▶ What this task involves
What you return should match the data below exactly, with no pictures in it.

▶ Exercise data
"""

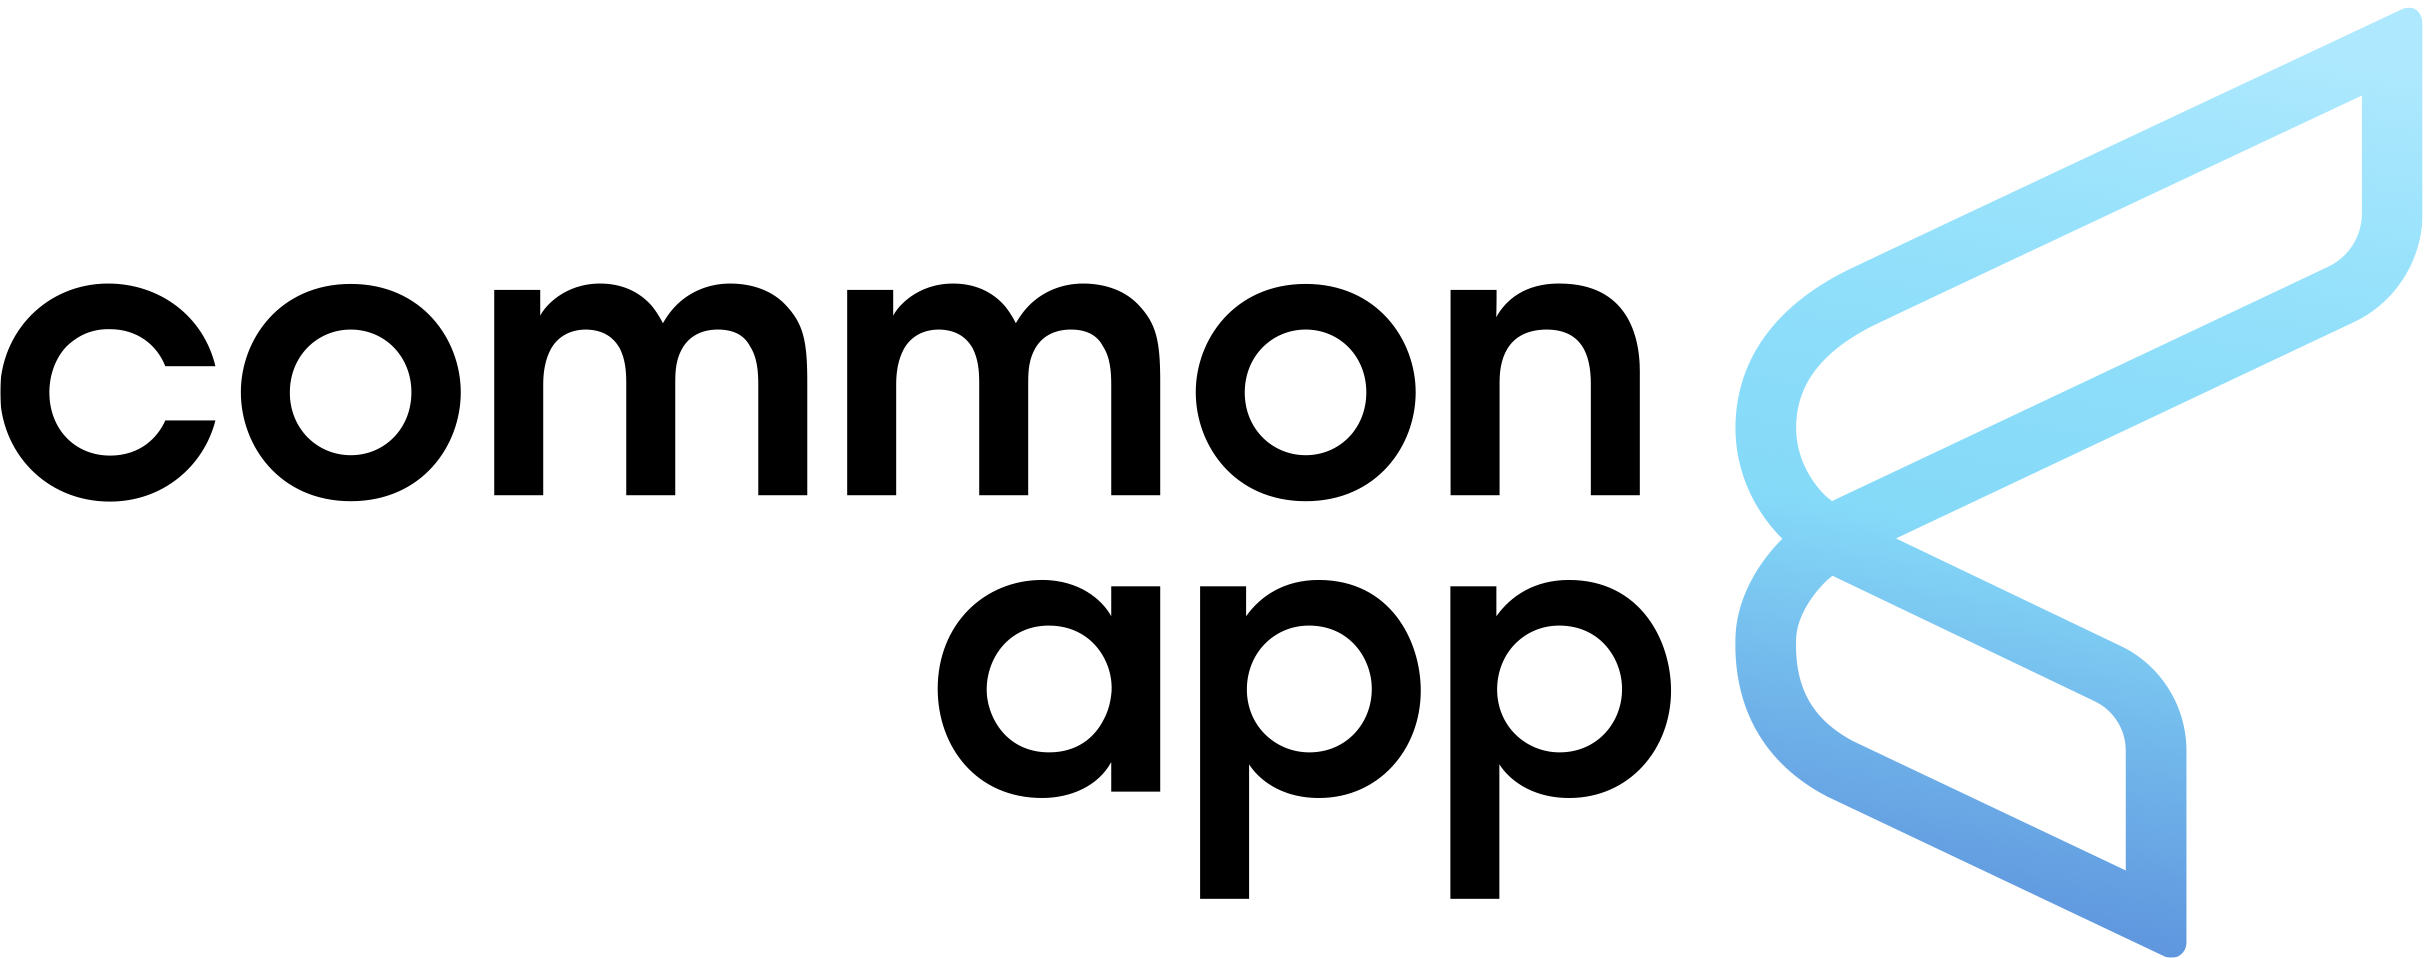 common app prompts 22 23
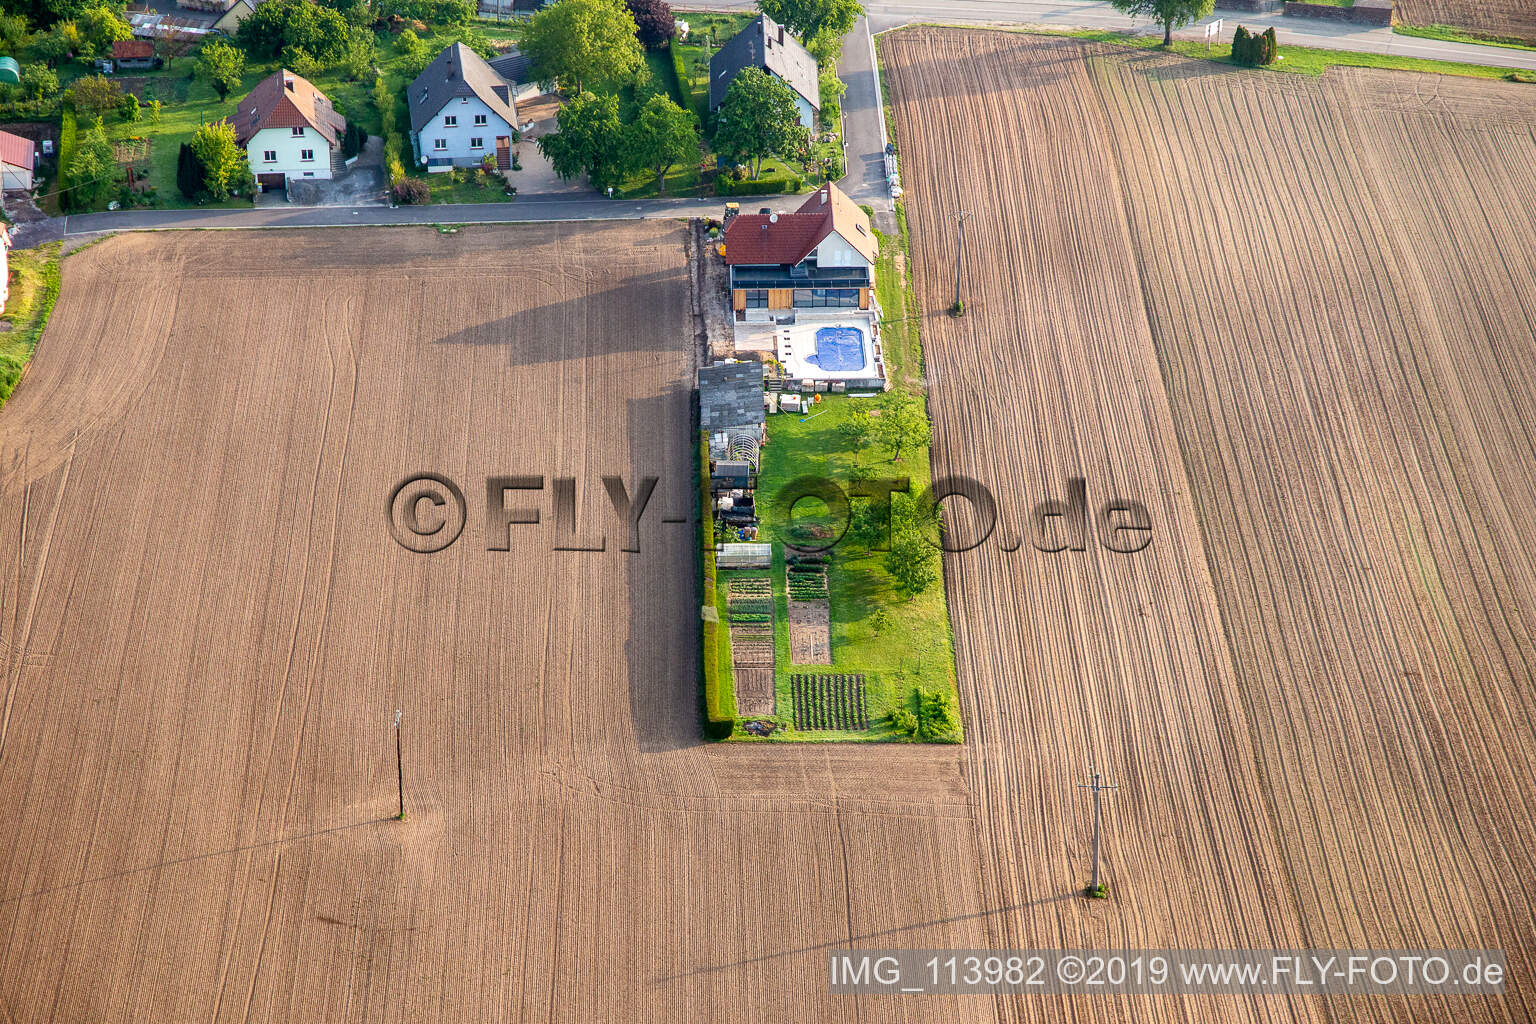 Salmbach im Bundesland Bas-Rhin, Frankreich von einer Drohne aus
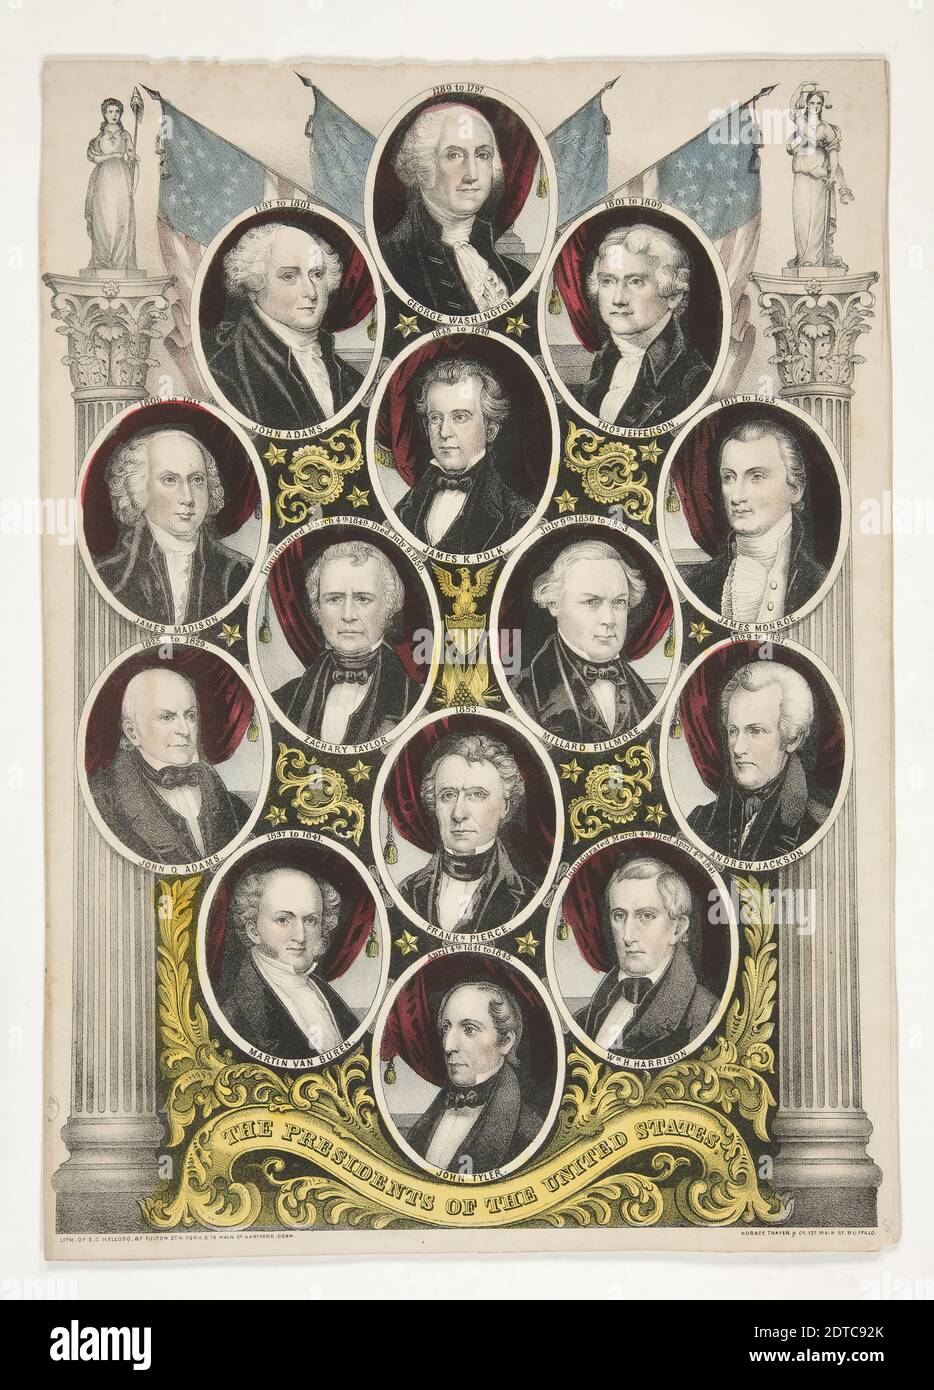 Artiste: Elijah C. Kellogg, américain, 1811–1881, les Présidents des États-Unis, lithographie couleur, image: 13 1/2 × 9 1/4 po. (34.3 × 23.5 cm), fabriqué aux Etats-Unis, américain, 19e siècle, Works on Paper - Prints Banque D'Images
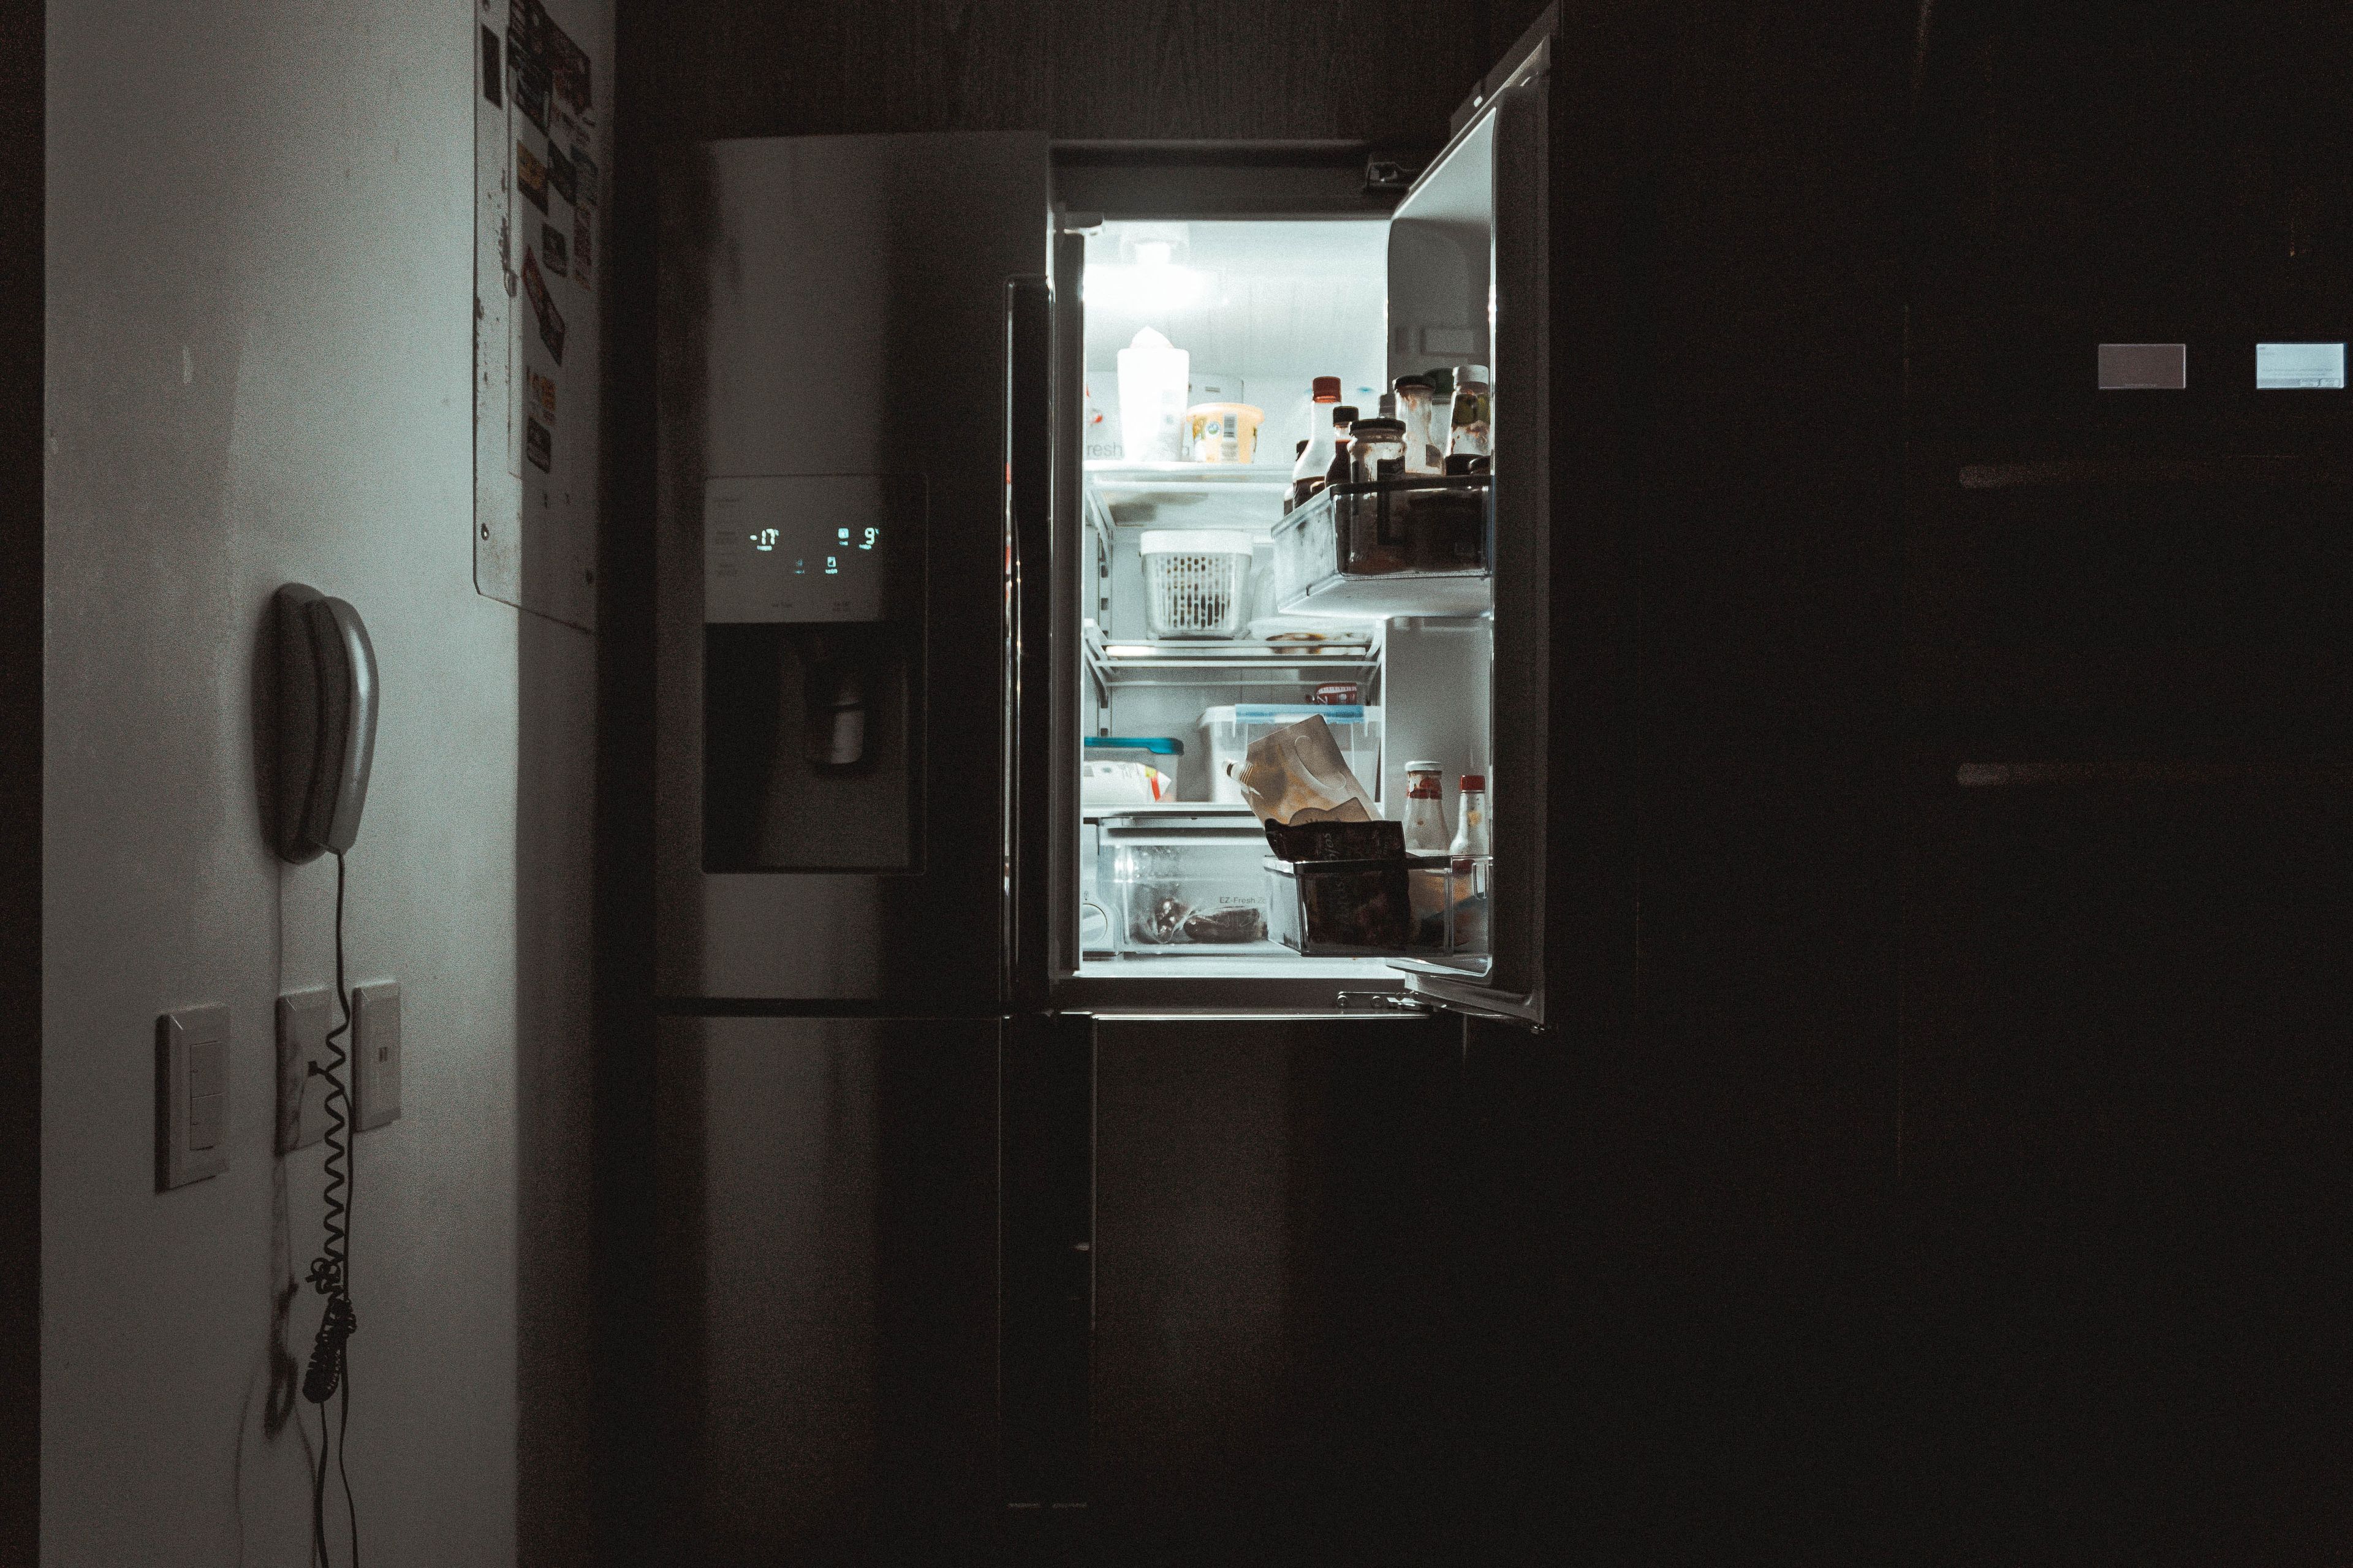 No dejar la nevera abierta es uno de los consejos para que el frigorífico consuma menos (Unsplash)

"""

▶ Exercise result
 common app prompts 22 23
 Salmbach im Bundesland Bas-Rhin, Frankreich von einer Drohne aus
 Artiste: Elijah C. Kellogg, américain, 1811–1881, les Présidents des États-Unis, lithographie couleur, image: 13 1/2 × 9 1/4 po. (34.3 × 23.5 cm), fabriqué aux Etats-Unis, américain, 19e siècle, Works on Paper - Prints Banque D'Images
 No dejar la nevera abierta es uno de los consejos para que el frigorífico consuma menos (Unsplash)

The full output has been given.